The ‘stapling’ makes it easier to set the ‘cross-staple’ rent cost (or similar cost) as all investors own the securities for both the payer and the recipient. It also allows an investor in a particular business/infrastructure project, to invest in the entirety of the project (though, strictly, this could be achieved without the ‘stapling’). There might be other commercial reasons, for the stapling, such as getting finance, to make the winning bid (aided by the whole of cash flow being available and captured – without tax inside the structure).

Background – tax

The tax drivers, for a split structure, like this, are as follows.

  • Trusts have long been taxed on a ‘transparent’ basis, which is to say that there is no tax in the trust structure, and the tax is borne by the beneficiaries (unit holders), if the trust income is fully distributed. This is under Division 6 of of Part III of the ITAA36 (s97(1) in particular). This regime has been amplified and refined for so called ‘managed investment trusts’ under Division 276 of the ITAA97. Also, trusts beneficiaries are taxed like any other taxpayer (broadly) but shareholders are not (for, instance, by not being able to get the CGT discount). Sadly, politicians and tax collectors call the tax treatment of unit holders ‘concessional’ instead of comparing shareholders of companies unfavourably with the treatment of an individual owning the asset or business directly.
  • The trouble is that Division 6C (of Part III of the ITAA36) taxes so called ‘public trading trusts’ as if they were companies (s102S in particular). This would rob a trust structure of many of the commercial (and perhaps tax) advantages, that might have otherwise made a trust structure advantageous.
  • Division 6C does not apply, however, if the whole of its business is an “eligible investment business” which is defined (in s102M) to include a list of passive investments (see the definition of ‘public trading trust (s102R), which requires the trust to be a ‘trading trust’ (s102N), which requires the trust to carry on a ‘trading business’, which in turn is defined in s102M as being nothing other than an an ‘eligible investment business’ (as also defined in s102M).

The ATO’s and Treasurer’s rhetoric

The ATO’s has long objected that ‘stapled structures’ turned business income into passive income, and the Treasurer still mouthed as much, when he said that these measures would ensure that “trading income for foreign investors is taxed at the corporate tax rate, and limits access to broader concessions for passive income”. Of course that characterisation (turning trading income into passive income) is untrue, as can be seen in any trading entity that rents (rather than buys) its factory, warehouse or hotel (for instance).

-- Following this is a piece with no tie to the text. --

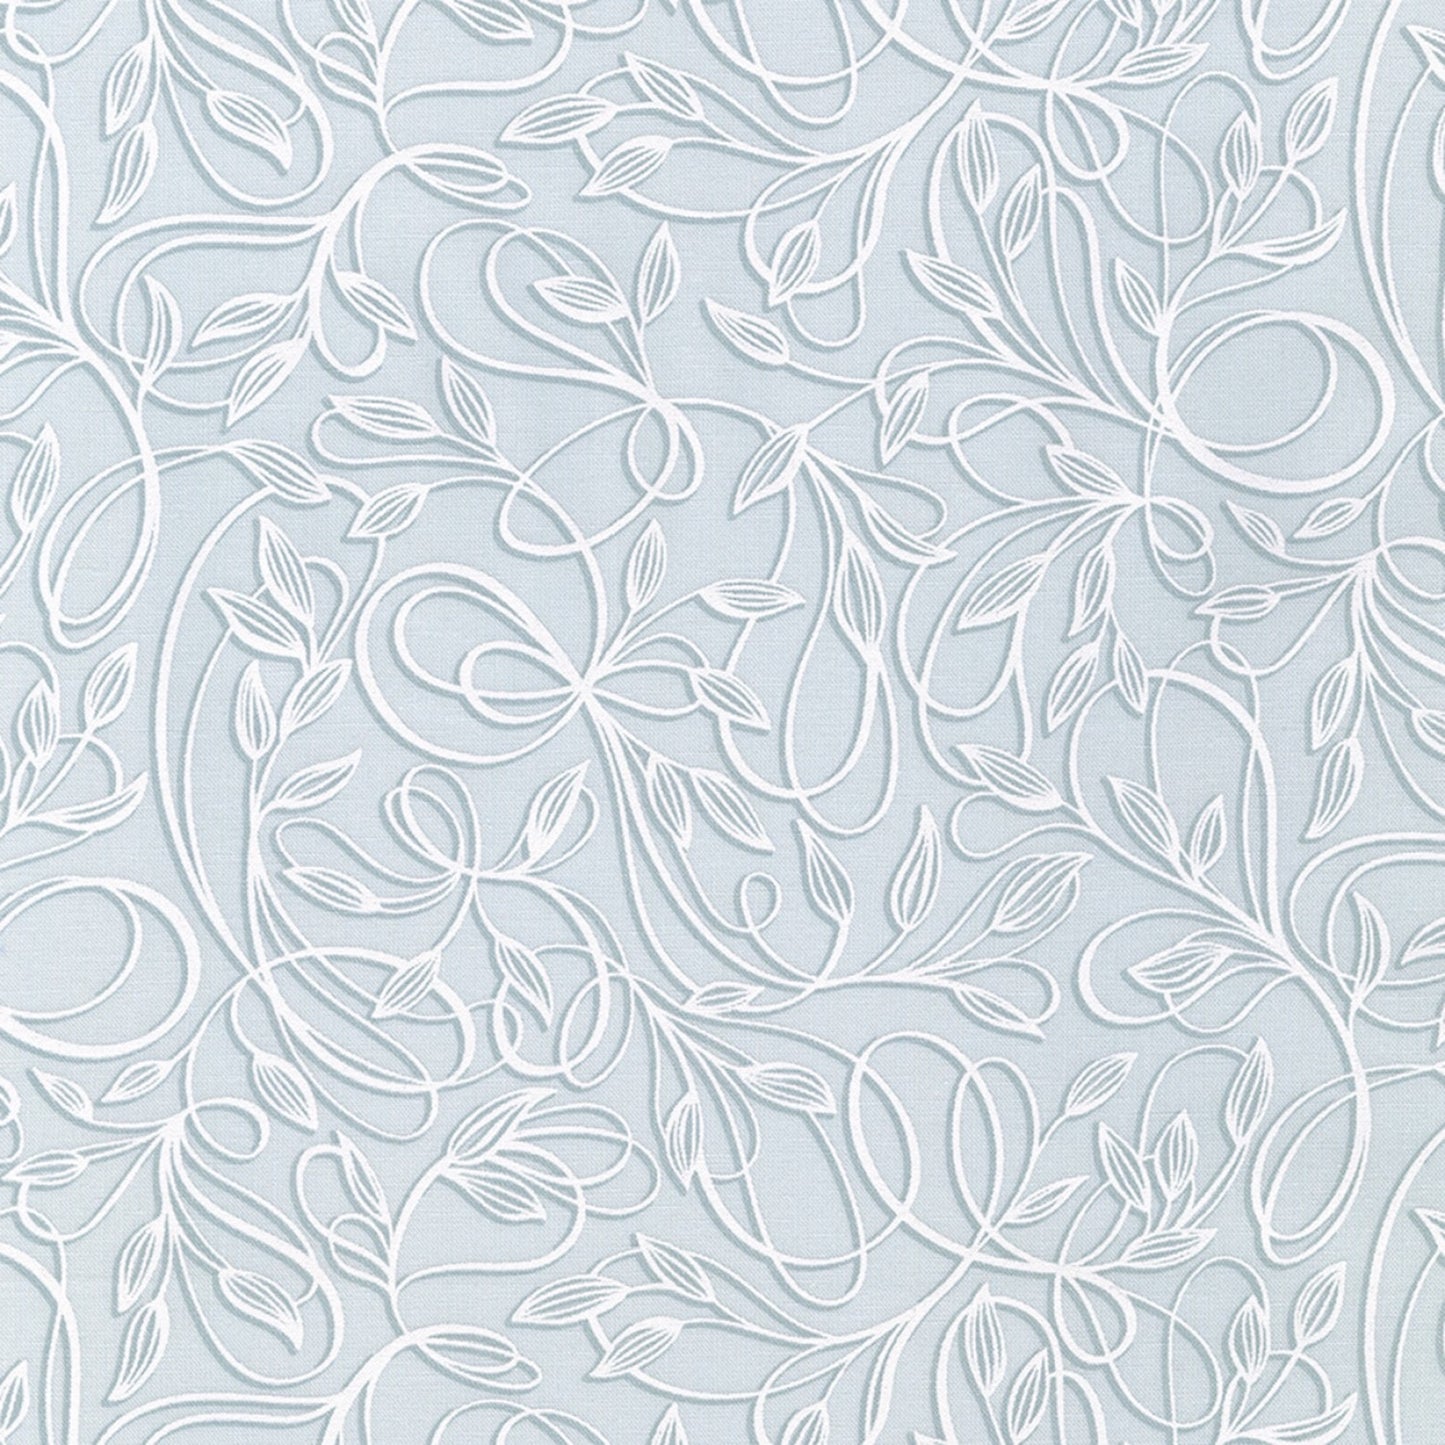 Wishwell Alabaster- Mist Leaves: Sold by the 1/2 yard.

The other way of testing this proposition, would be to just ‘unstable’ the trust units and the company shares, so that there was no excuse for thinking of the trust as anything over than carrying on an ‘eligible investment business’.

The ‘thinness’ of the ATO’s and Treasury rhetoric is evident in these measures only targeting any non-market value shift, from the trading side to the investment side (an on-shore ‘transfer pricing’ requirement – not yet applicable to wholly Australian transactions).

FJM 30.6.18

[Treasury website: Consultation Page, Proposal Paper; Treasurers website: Media Release; KPMG: Briefing Paper; LTN 123, 29/6/18; KPMG 29/6/18; Tax Month – June 2018]

 

Study questions (answers available)

  1. Has Treasury issued a discussion paper, for consultation, before it issues an exposure draft of the legislation for further consultation?
  2. Does the paper propose control of the ‘cross-staple’ rent or other passive income amount paid by an extension of the existing MIT ‘non-arm’s length income rule’ and statutory caps?
  3. Has it been an objective of this proposal, to minimise impact on commercial arrangements while mitigating tax integrity risks?
  4. Was a significant driver, for this, the huge amount of money already invested in privatised infrastructure and the continuing need of governments to privatise infrastructure without suffering a significant discount in sale proceeds?
  5. Are stapled structures purely tax driven?